News - Indonesia Police Watch (IPW) melaporkan kasus dugaan korupsi pemotongan Honorarium Penanganan Perkara (HPP) Hakim Agung pada Mahkamah Agung RI ke Komisi Pemberantasan Korupsi (KPK), totalnya hingga Rp90 miliar.

Ketua IPW, Sugeng Teguh Santoso, mengatakan HPP merupakah hak penuh Hakim Agung berdasarkan PP Nomor 82 2021, yakni Hakim Agung berhak mendapatkan honor penanganan perkara yang bisa diputus dalam waktu 90 hari.

"[Para] hakim yang menangani perkara cuma mendapat 60 persen. Kemudian ada sekitar 14,05 persen diberikan kepada tim pendukung seperti panitera perkara, panitera muda kamar, dan staf. Ada sebesar 25,95 persen yang tidak jelas nih," kata Sugeng kepada wartawan usai menyerahkan laporan di Gedung Merah Putih KPK, Rabu (2/10/2024).

Sugeng mengatakan, dia mendapatkan bukti perhitungan tersebut dari surat internal Mahkamah Agung yang telah diserahkan kepada KPK. IPW, kata Sugeng, menyerahkan kepada KPK terkait penentuan pemotongan tersebut termasuk dalam tindak korupsi atau bukan.

Menurut Sugeng, berdasarkan prinsip hukum, seharusnya pemotongan honor hanya bisa dilakukan secara sukarela, dengan jumlah yang disesuaikan dengan kesepakatan hakim yang memutus sebuah perkara.

"Honor yang menjadi haknya Hakim Agung itu hanya bisa dikurangi atas kesukarelaan dan jumlahnya tentu berbeda-beda.

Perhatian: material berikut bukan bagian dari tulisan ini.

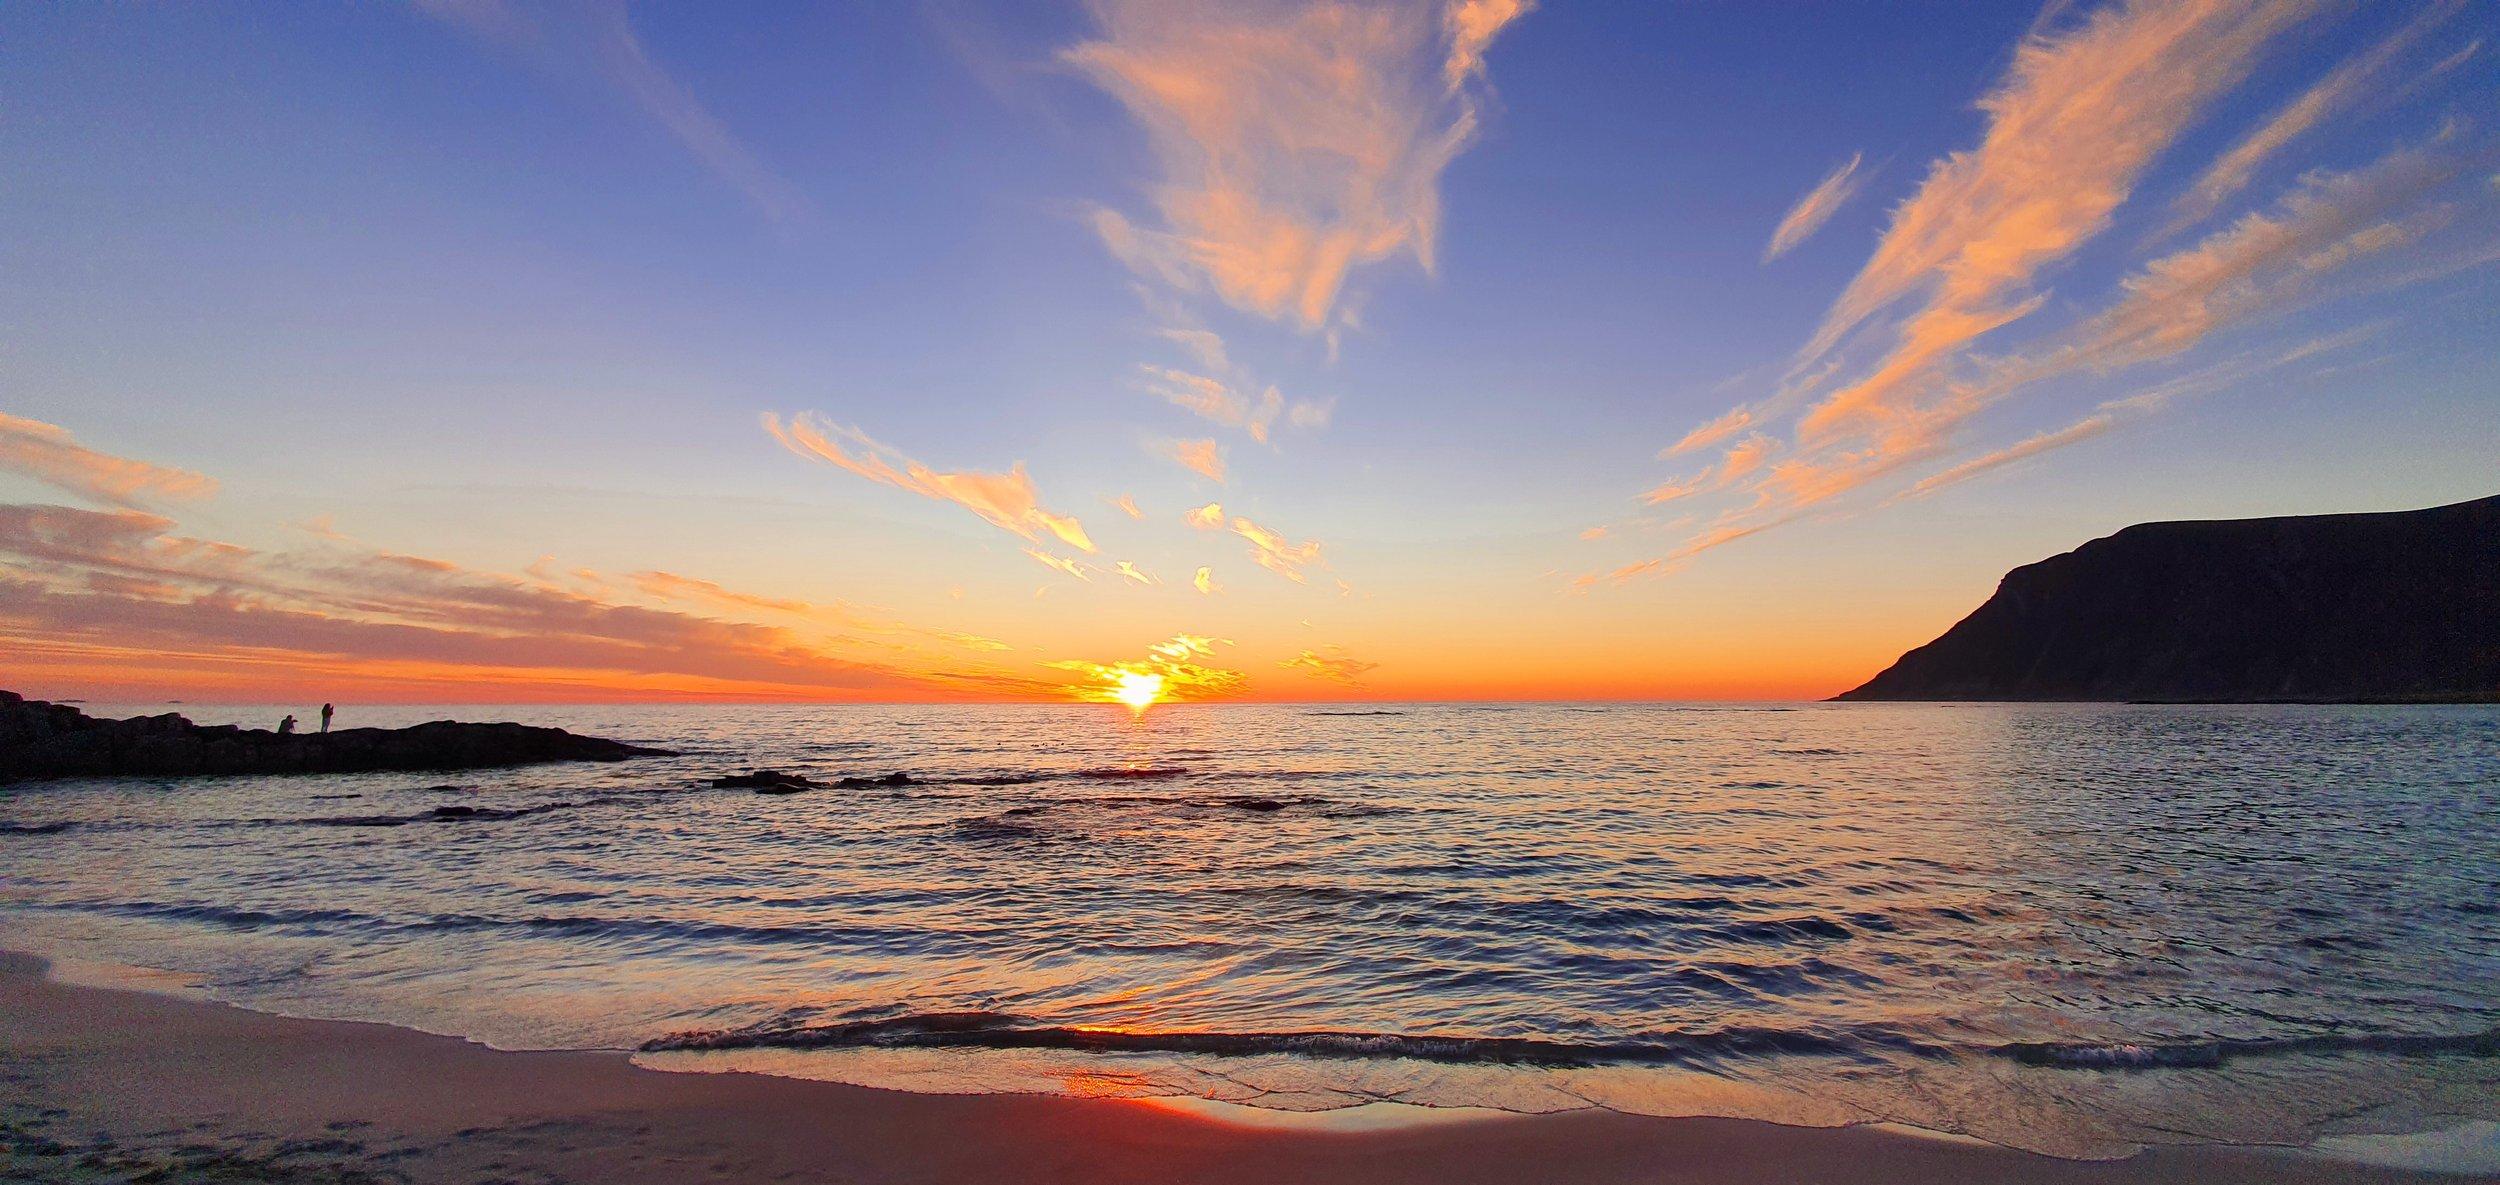 Opplev fantastiske solnedganger med en bobil fra Ferda

Kalau kita memberikan sesuatu kepada pihak lain itu kan sebagai sedekah ya, ini kan terserah kita. Kalau ini rata 25,95 persen," ujarnya.

Sugeng curiga, di Mahkamah Agung terdapat unsur penggunaan kewenangan dari pejabat yang meminta sesuatu dan bertentangan dengan kewajiban dan peraturan. Namun, Sugeng mempersilakan KPK untuk mendalami hal tersebut.

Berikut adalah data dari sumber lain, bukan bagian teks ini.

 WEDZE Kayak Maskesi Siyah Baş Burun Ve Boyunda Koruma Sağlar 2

Dari jumlah pemotongan honor hakim selama dua tahun, tambahnya, maka totalnya sekitar Ro90 miliar.

Meski telah menyerahkan nama terlapor pada KPK dalam dugaan pemerasan ini, namun Sugeng enggan membuka identitas terlapor.

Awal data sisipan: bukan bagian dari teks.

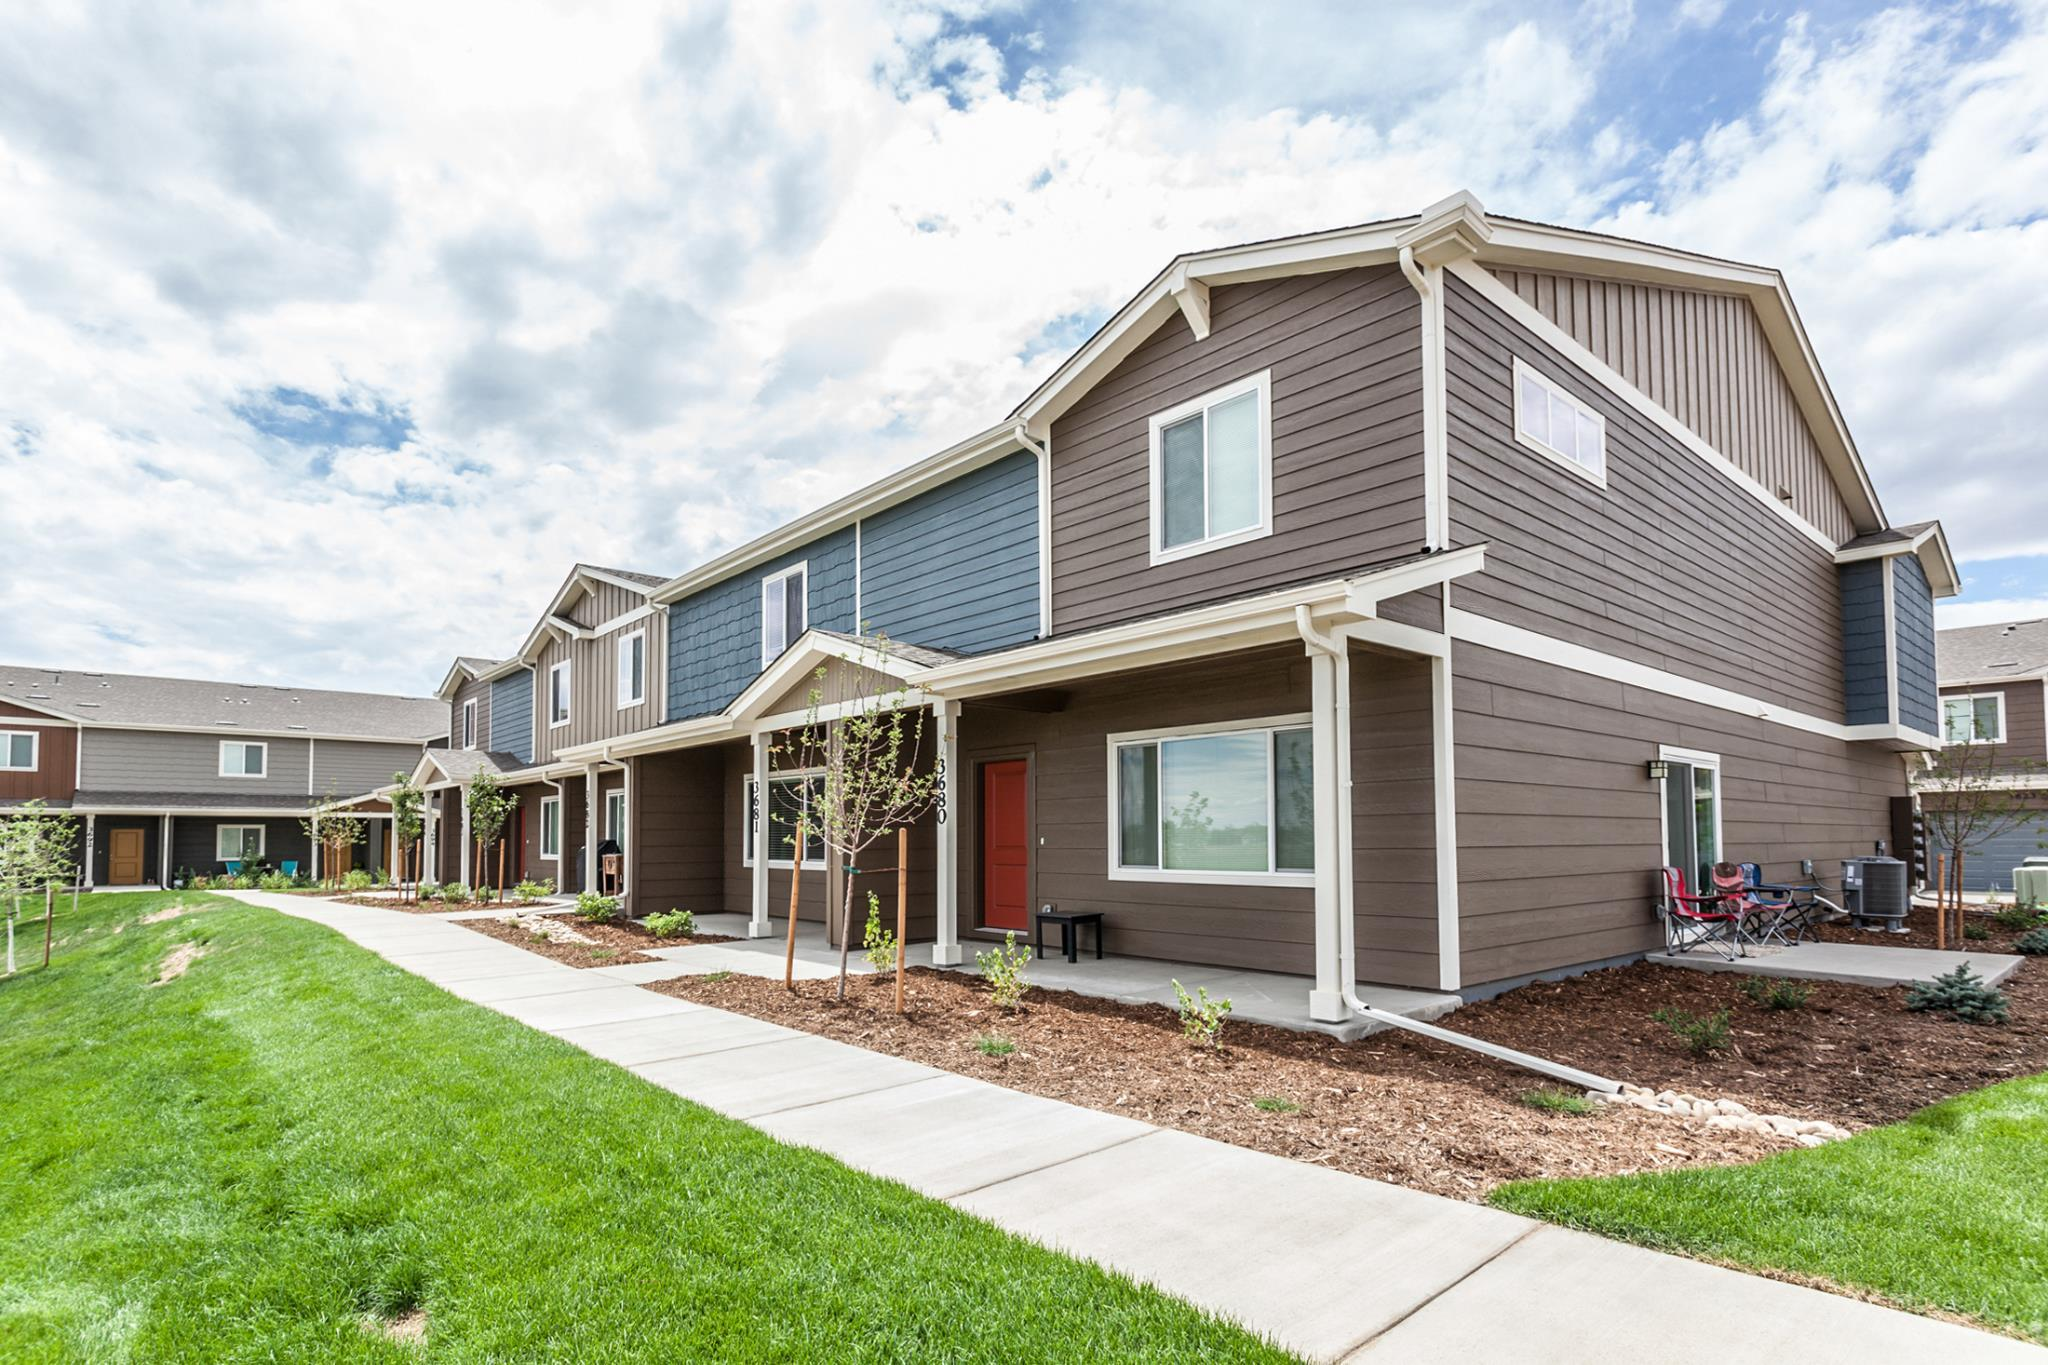 'Hartford Homes at Harvest Village Townhomes' by Hartford Homes in Fort Collins-Loveland

"Kalau misal dikualifikasi dalam jabatan, pemerasan dalam jabatan ya ini," tuturnya.

Menurutnya, dia telah meminta klarifikasi Mahkamah Agung. Namun, Mahkamah Agung melalui juru bicaranya, Suharto, mengatakan bahwa pemotongan ini telah berdasarkan kesepakatan dari para Hakim Agung.